Imagine you are a world leader in your field, supplying your products at a competitive price all over the world. The marketplace can’t get enough of your gear, business is growing rapidly and you’re becoming the largest player in the sector. But the governments of the west shun you for public sector contracts. They say your products are a threat to national security, yet do not provide any proof of incidents related to your company. You spend billions setting up R&D centres in their countries and meet their politicians who happily talk about job creation and further strengthening Chinese relations, but they still allege you’re spying on them.

This is the bizarre situation Huawei—one the world’s largest telecommunication equipment suppliers, with revenue close to US$30bn—finds itself in.

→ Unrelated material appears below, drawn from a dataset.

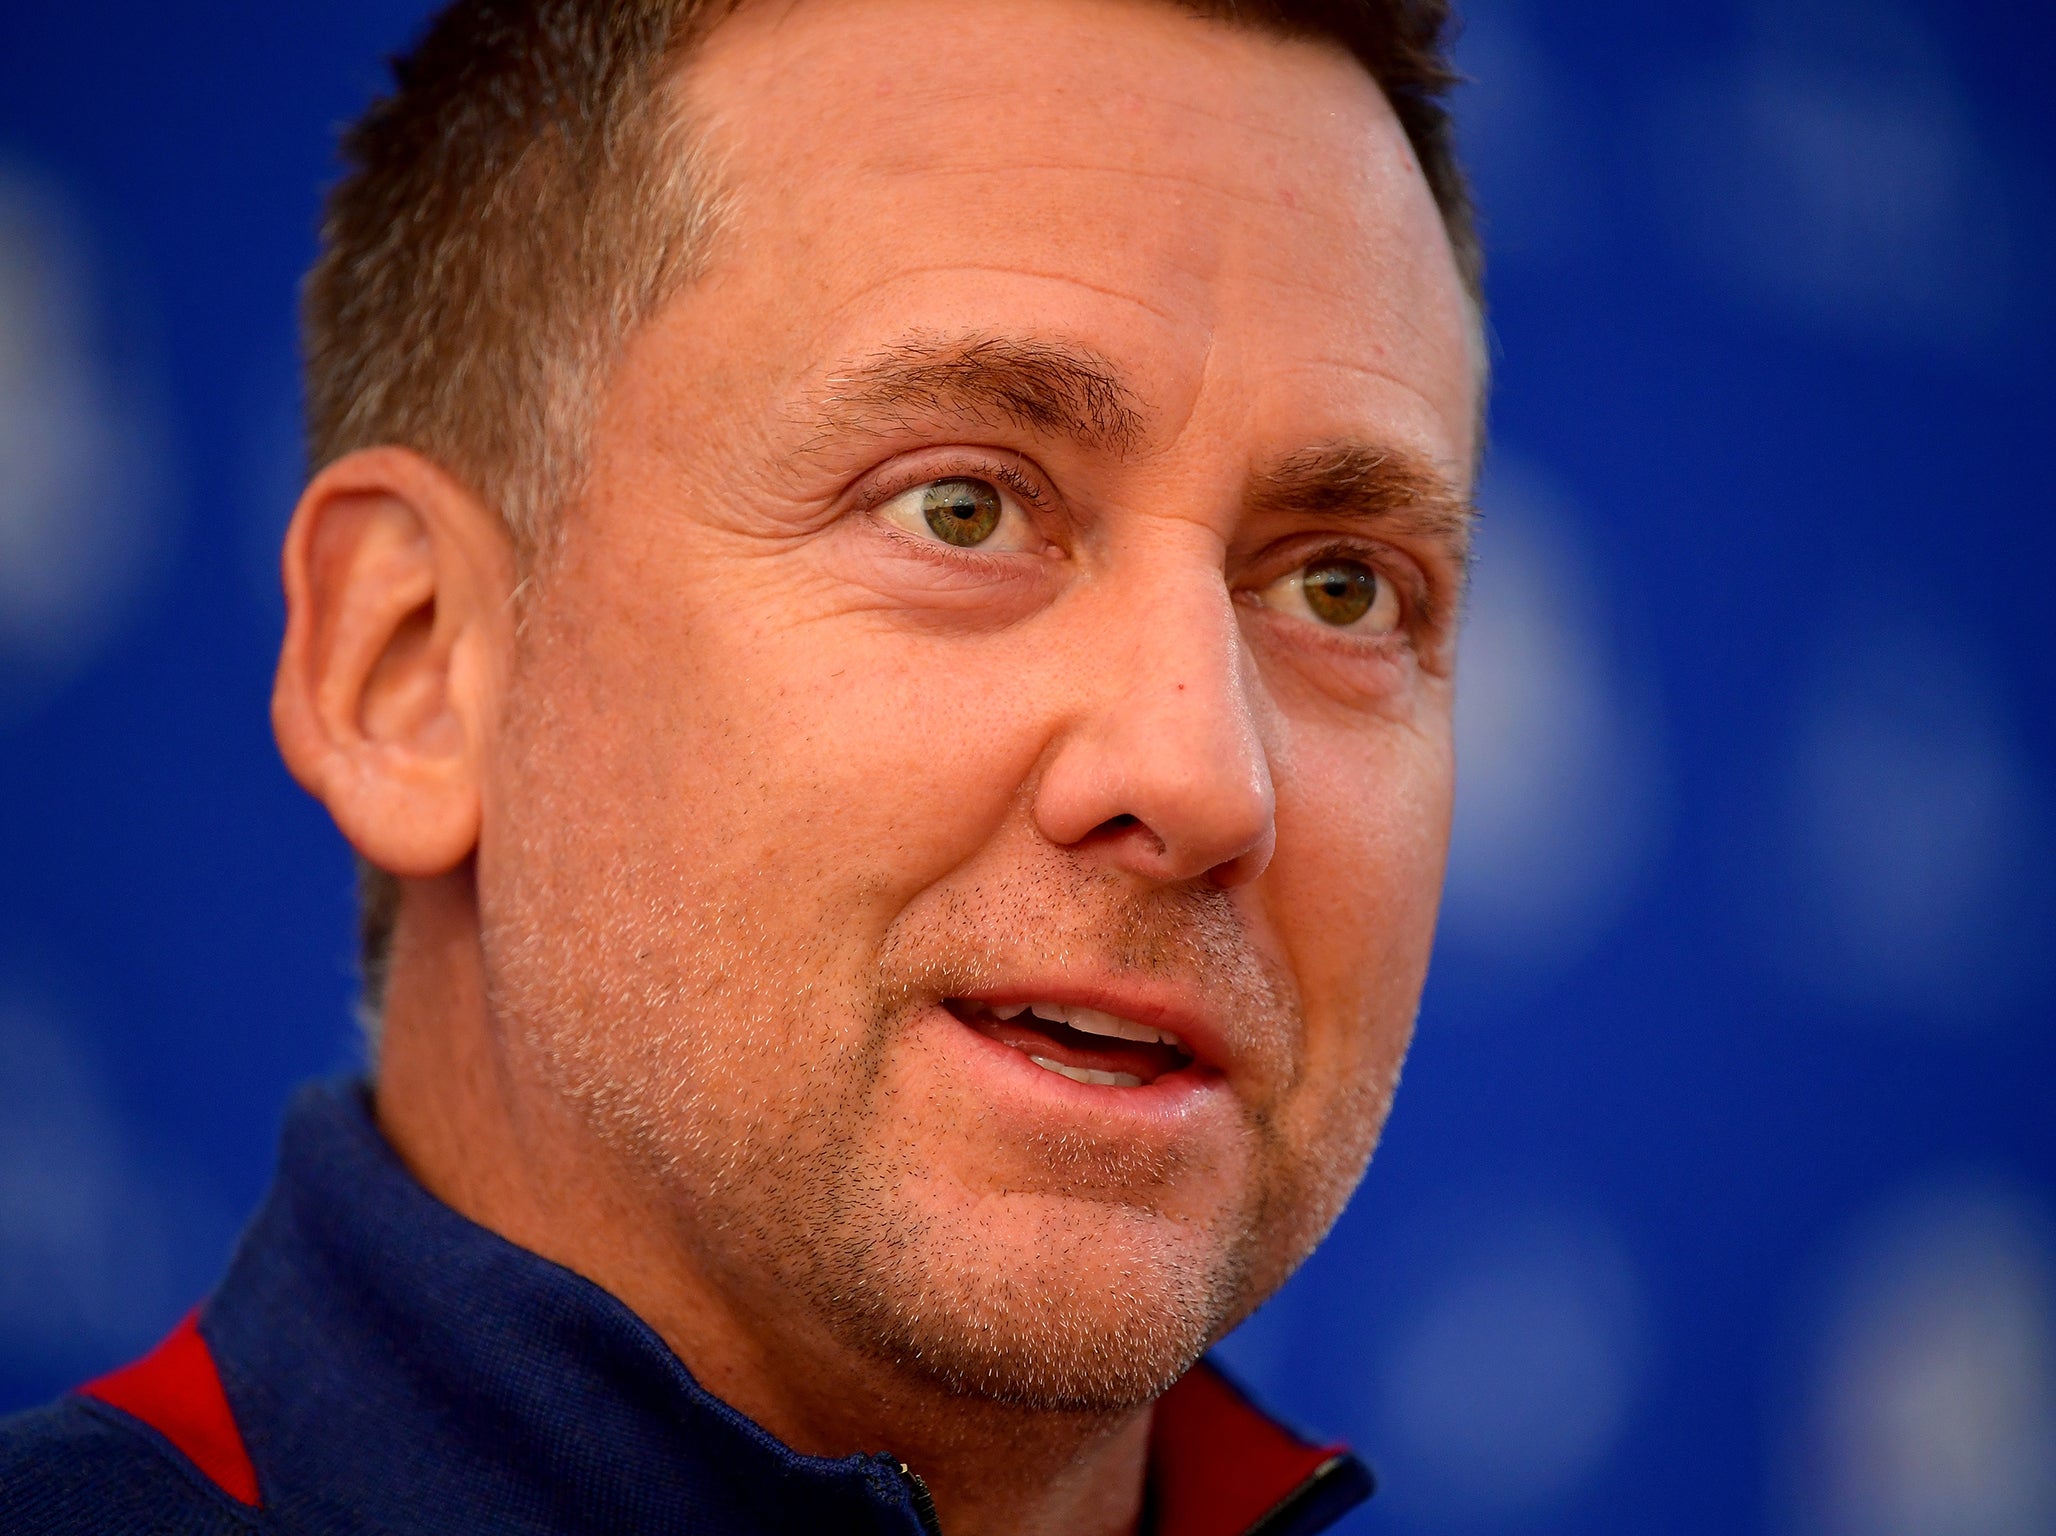 Ian Poulter is a Ryder Cup veteran

Huawei (pronounced wahway) started in the mid 80s simply selling Hong Kong made PABX equipment into China. Wanting to do more than simply import someone else’s equipment, founder & CEO, Ren Zhengfei put Huawei onto a course of research and development that has seen it grow into a telecommunications infrastructure powerhouse. It competes with companies like Nokia Solutions and Networks, Ericsson, Alcatel-Lucent, Cisco and Juniper for enterprise and carrier grade network infrastructure. Huawei’s main area of dominance is in carrier network infrastructure. According to its 2012 annual report, Huawei has 500 carriers using its products and has deployed over 170 of its “SingleRAN” networks worldwide.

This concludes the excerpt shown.